This summer, the Operational Excellence website is featuring a series of staff spotlights: stories about staff members who’ve taken on new leadership roles since the implementation of OE2C and are helping bring more innovation and efficiency to campus operations.
Before coming to SMU in 1999, Jason Warner was a teacher who began infusing his teaching with technology in innovative ways that improved students’ learning and piqued the interest of his fellow teachers. His work in that role laid an early foundation for his most recent career advancement as director of SMU’s Academic Technology Services.
Academic Technology Services (ATS) is a newly reorganized and unified division of the Office of Information Technology (OIT) created through OE2C’s Shared Services Initiative. It specifically focuses on enhancing academic teaching and research with innovative technology solutions throughout campus. As leader of that division, Warner oversees a team of “technology change agents” who work alongside faculty and students in each academic unit.
“I am grateful to have been given the opportunity to rethink, reorganize and launch an entirely new SMU model for providing academic technology services,” says Warner. “Those used to exist in isolated pockets and fragments across campus. I’m proud of the progress we’ve made unifying IT services, especially those serving our faculty, which I believe continue to pave the way for more rapid and consistent growth and innovation in both instructional and research capabilities.”
Before the Shared Services Initiative, Warner served as the director of technology for the Meadows School of the Arts, where he managed a broad portfolio of technology services and solutions that were critical to Meadows faculty. Warner says, “As part of Shared Services, the academic technology support model we employed at Meadows became the blueprint for creating our new SMU Academic Technology Services team. Now, each school has its own tech facilitator and director who manages the school’s strategic needs and serves as the liaison between the school and SMU OIT.”
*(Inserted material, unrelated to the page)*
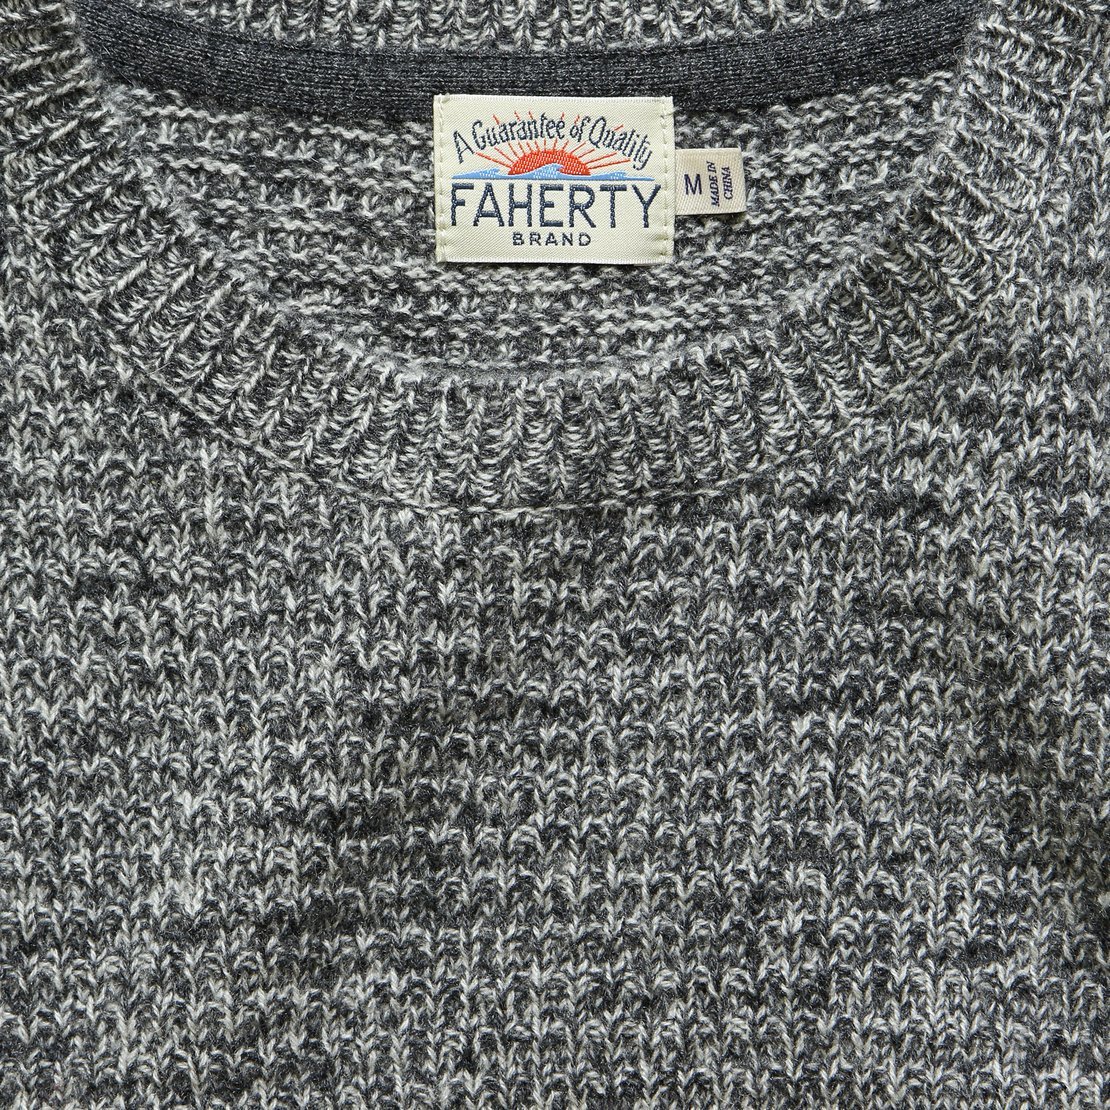 Cashmere Crewneck - Charcoal Marl - Faherty - STAG Provisions - Tops - Sweater

Warner’s transition into his new role has, he says, been a work in progress. “I’ve had to learn more in the past few years than I’ve had to learn throughout my entire career. In order to make progress, I have had to be willing to let go of and throw out comfortable models and methodologies. I’ve learned how to be a better manager and to rely more on metrics and data instead of anecdotes and emotions. I’ve worked to develop my own knowledge and experience so that I can serve SMU more effectively. Most importantly, I’ve learned to extend grace as people wrestle with change and I’ve learned how to ask for grace as well.”
His learning in the new position has had a great effect on OIT and SMU. In less than two years, Warner built a team that is able to manage and assist academic units while at the same time participate as a cross-functional campus service team. During the transition, his team successfully helped SMU migrate from Blackboard to Canvas and created an annual program to survey faculty and students to better gauge technology performance and needs. He worked with the Academic Technology Council, a faculty committee, to develop a groundbreaking classroom technology prototype experience that will launch in the fall and has overseen the project from its inception. “Above all,” Warner says, “I’m proud that our team is able to help faculty and students by providing sustainable, reliable and innovative technology for teaching and research.”
Grateful for the opportunity to grow in his career and excited by the prospect of working with Dr. Michael Hites, SMU’s incoming chief information officer, Warner has big goals for SMU’s academic technology. “ATS must provide and support the platforms and foundations for growth in hybrid and online learning to help SMU reach existing and new communities of students and learners,” he says. “We need to create and maintain clear paths for transformative research in areas such as high performance computing, digital humanities, and geographic information systems, and into new realms of scholarship not yet explored. My greatest goal is to ensure that OIT can continue to deliver technology solutions that address the needs of academics – and that continue to adapt and change along with those needs.
“Technology isn’t an end, especially academic technology,” says Warner. “Technology is a rapidly moving vehicle, a powerful tool that enables specific ends and outcomes. At the end of the day, my career and my passions are devoted to the achievement and facilitation of academic outcomes. Fortunately, I geek out about the technology as well. I have the best job on campus!”